Exercise details: An exact transcription of all the records below is required, without any images.

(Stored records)
────────────────────

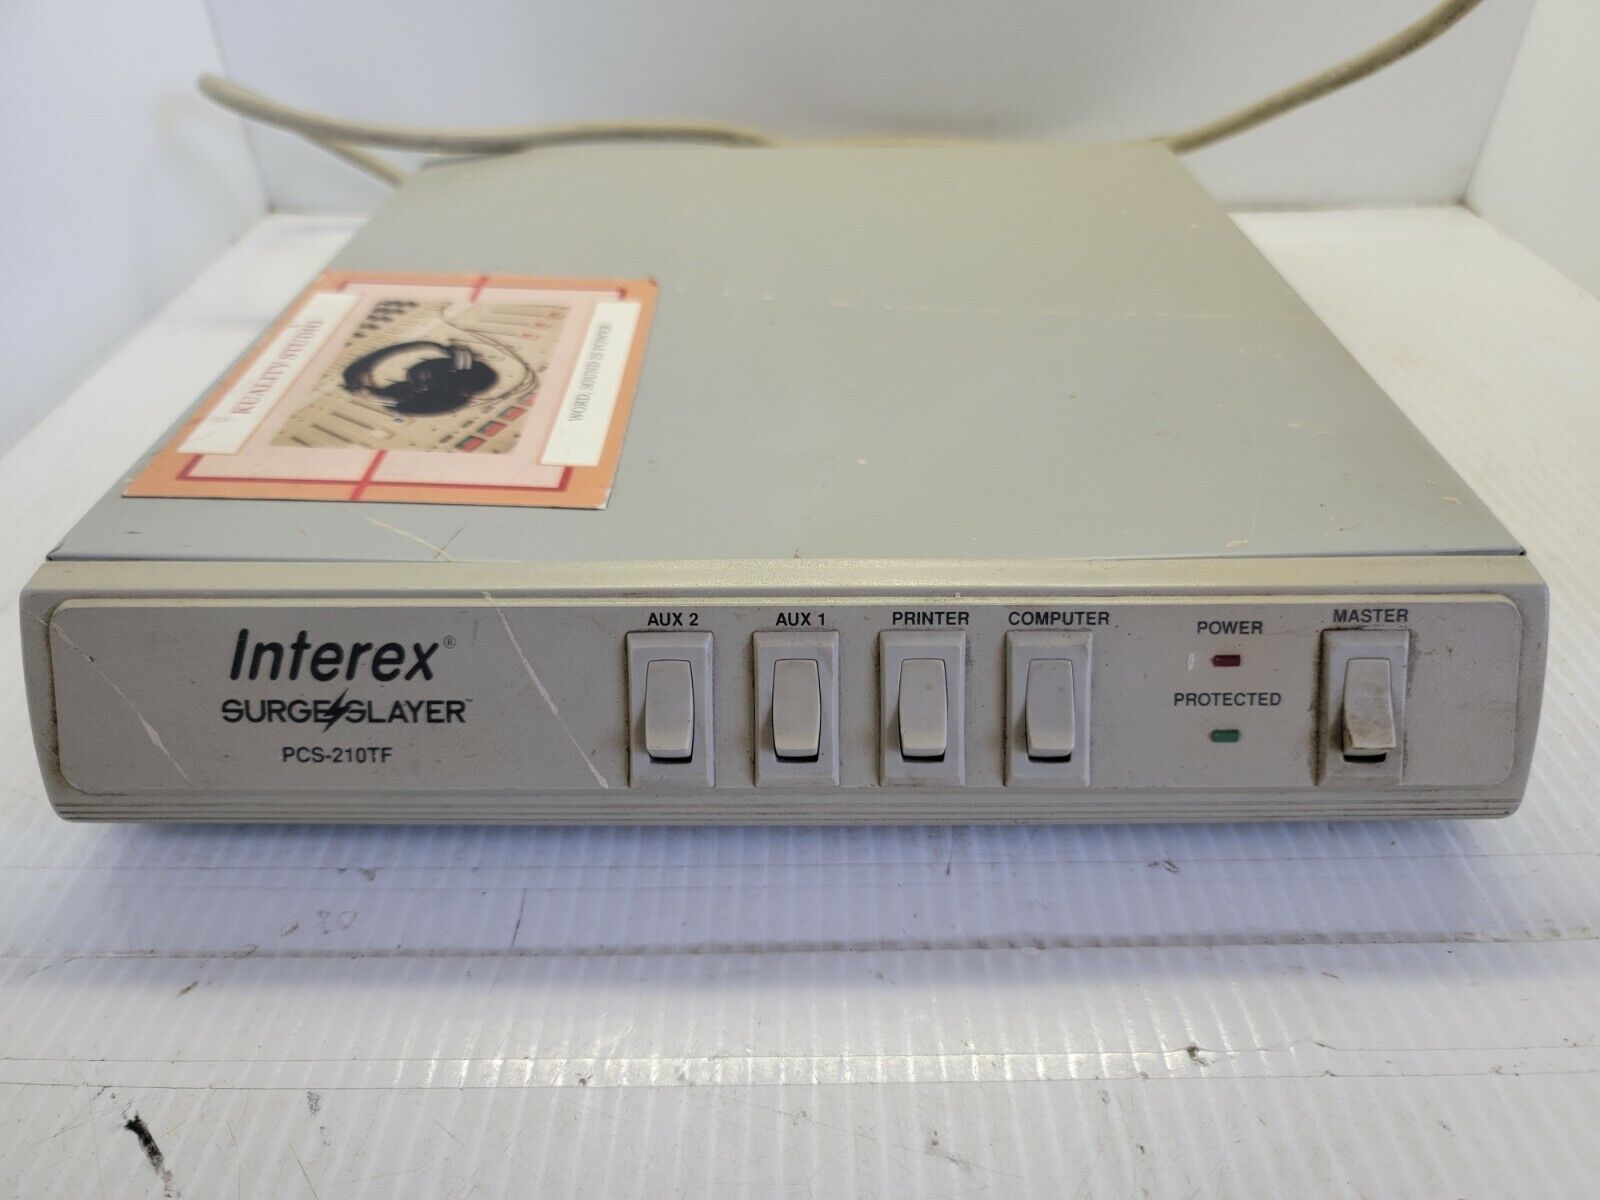 Interex PCS-210TF Surge Slayer 5 Outlet Power Transient Voltage Surge Suppressor
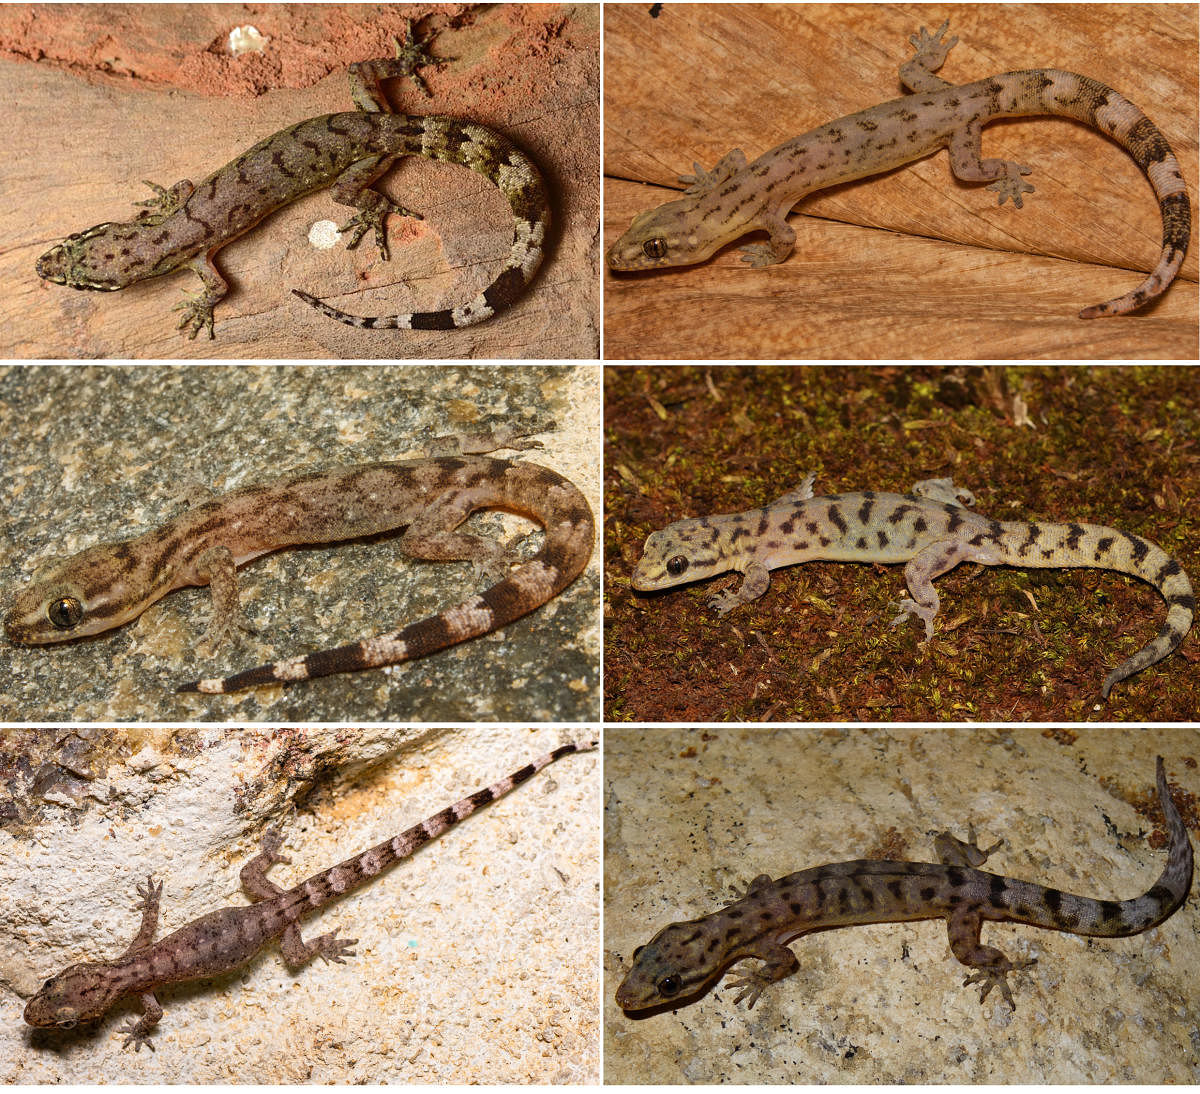 Six new species of lizards
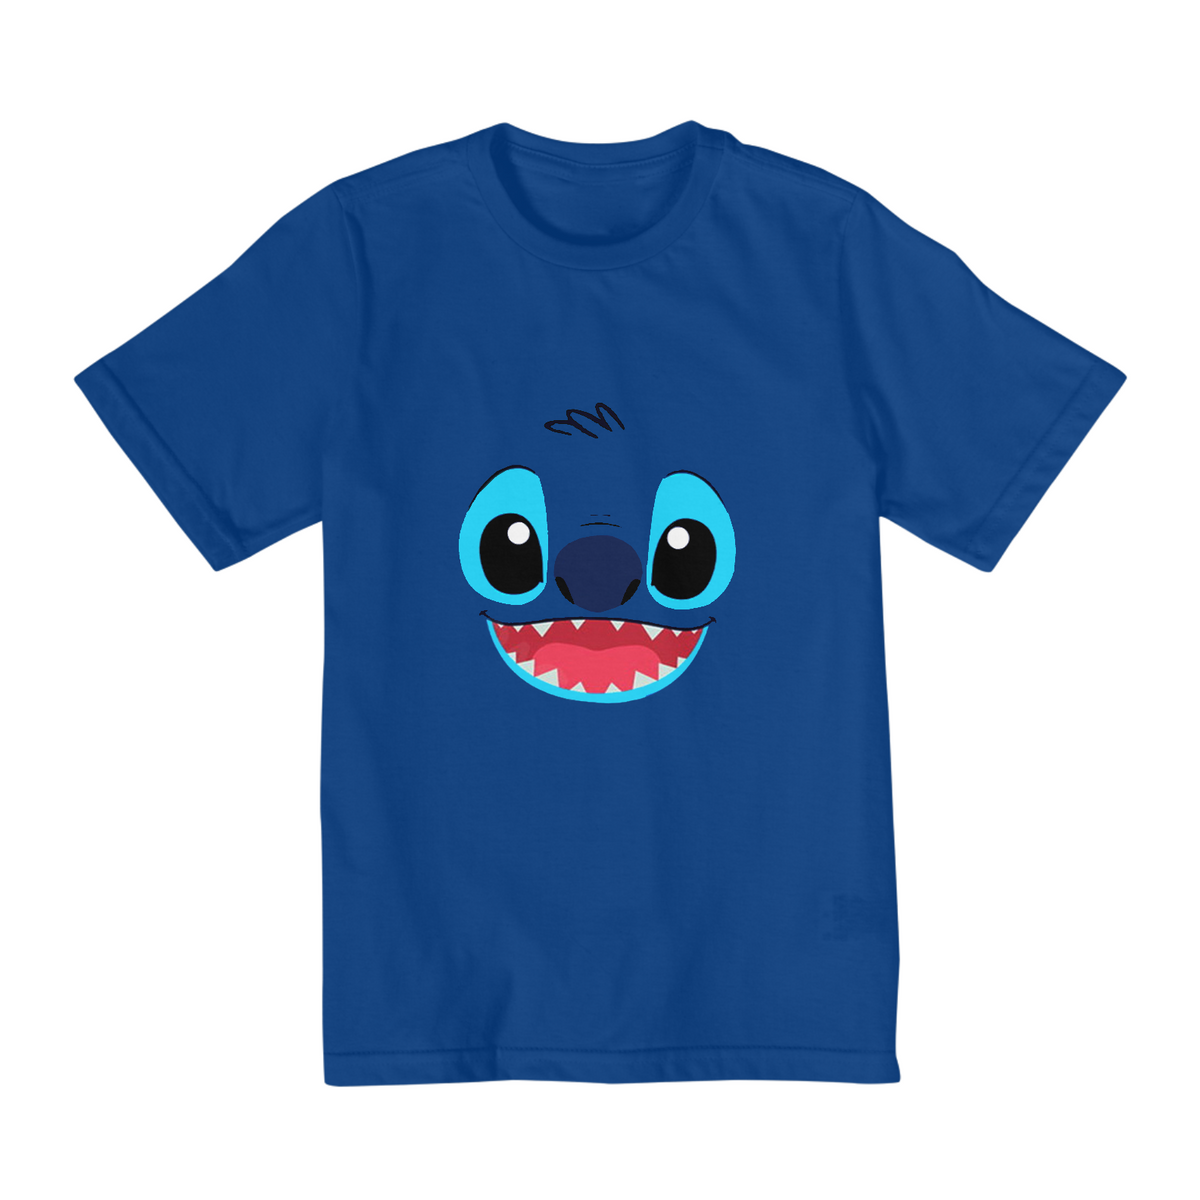 Nome do produto: Blusa Infantil - Stitch
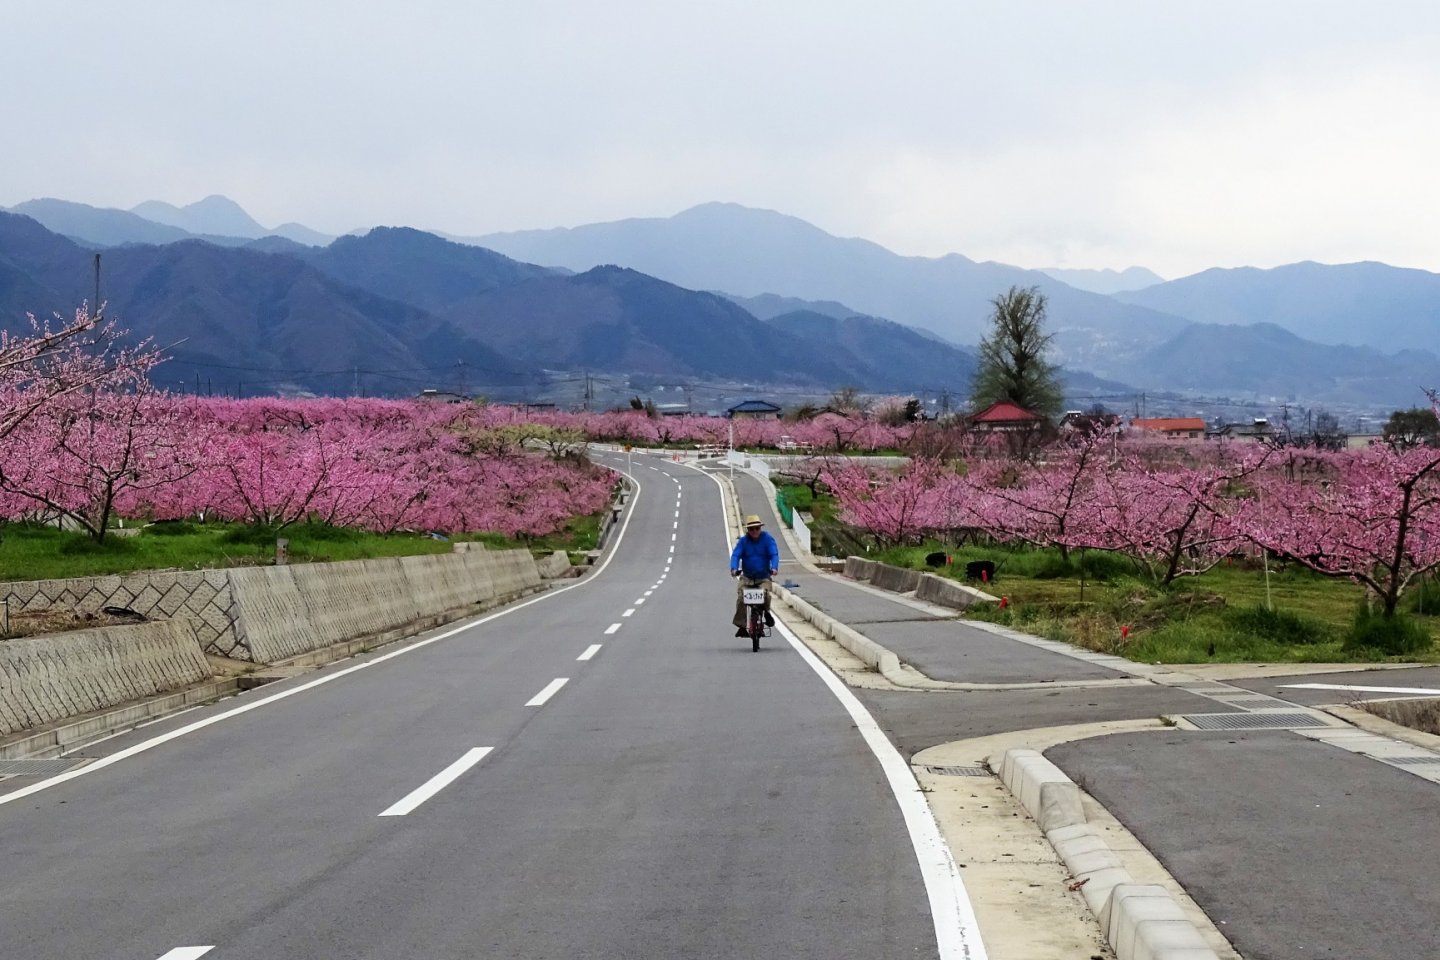 ปั่นจักรยานท่ามกลางทะเลดอกไม้สีชมพู
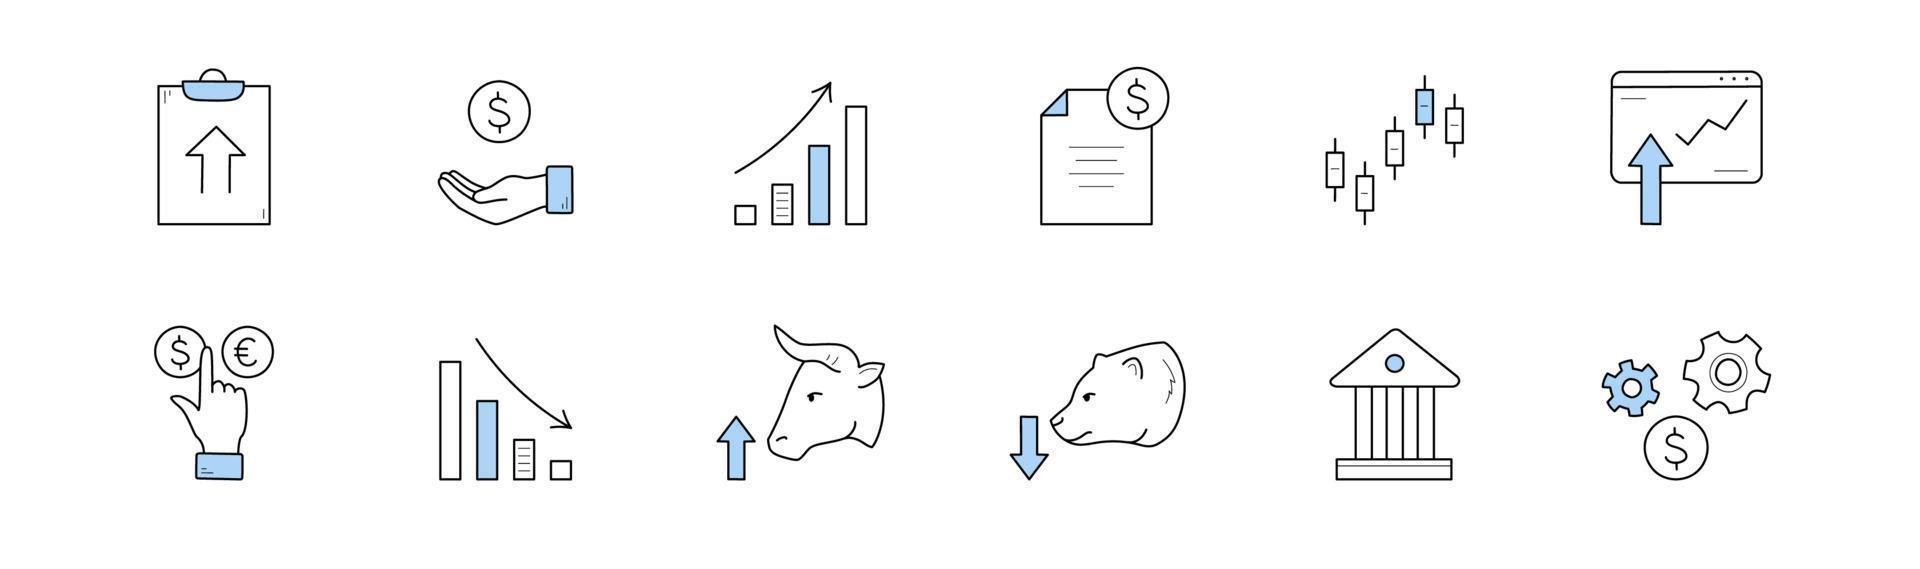 ícones de doodle do mercado de ações, conjunto de vetores isolados

────────────────────

Solved problem:
 Interex PCS-210TF Surge Slayer 5 Outlet Power Transient Voltage Surge Suppressor
 Six new species of lizards
 Nome do produto: Blusa Infantil - Stitch
 ปั่นจักรยานท่ามกลางทะเลดอกไม้สีชมพู
 ícones de doodle do mercado de ações, conjunto de vetores isolados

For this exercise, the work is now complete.